During the war years, and until 1950, he was a barrister in Amsterdam, becoming a Labour Party member of the First Chamber of the States General (the Dutch Upper House of Parliament, or Senate) in 1946. Both careers were interrupted in 1950, when he was arrested, tried and convicted for having sex with a 16-year-old boy, and the next 11 months he spent in prison. Upon his release in 1951 he made a living as a journalist and was also employed as a social worker, becoming in 1956 Director of the Federation for Social Assistance to Problem Families in Haarlem, a post he held for the next three years. Debarred with his conviction, he was reinstated at the bar in 1959 and thereafter carried on a legal practice in Haarlem until his retirement in 1980.

From 1960 until 1968 he was Chief Scientific Collaborator at the Criminological Institute, State University Utrecht, and two years later the Labour Party once again asked him to consider becoming a member of the Dutch Senate.
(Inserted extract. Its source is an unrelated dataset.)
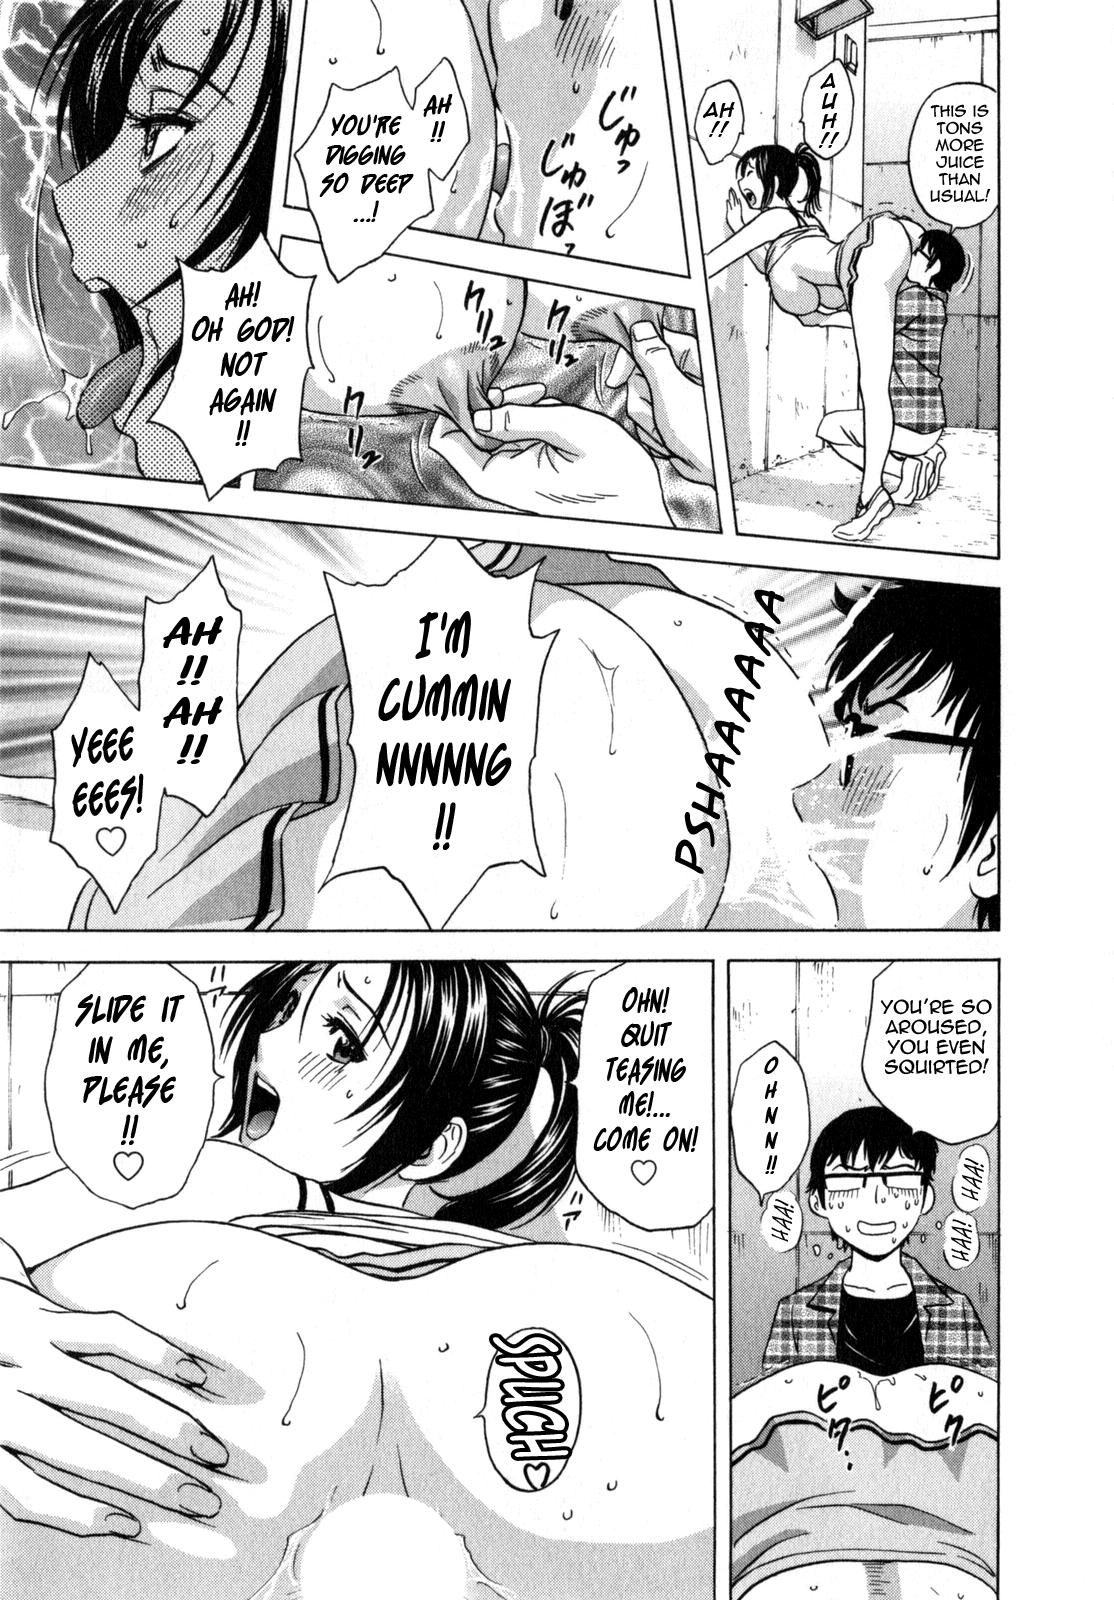 [Hidemaru] Life with Married Women Just Like a Manga 1 - Ch. 1-8 [English] {Tadanohito} 156

He accepted this call; from 1963 until 1977 he served his second period in the Upper House, from 1968 until 1977 as chairman of the Permanent Committee for Justice. In 1975 the Queen made him Knight of the Order of the Dutch Lion for distinguished service as Member of Parliament. He founded the Dr. Edward Brongersma Foundation in 1979 to receive and preserve his collection of literature and private documents on sexuality and make it available on a confidential basis for responsible research.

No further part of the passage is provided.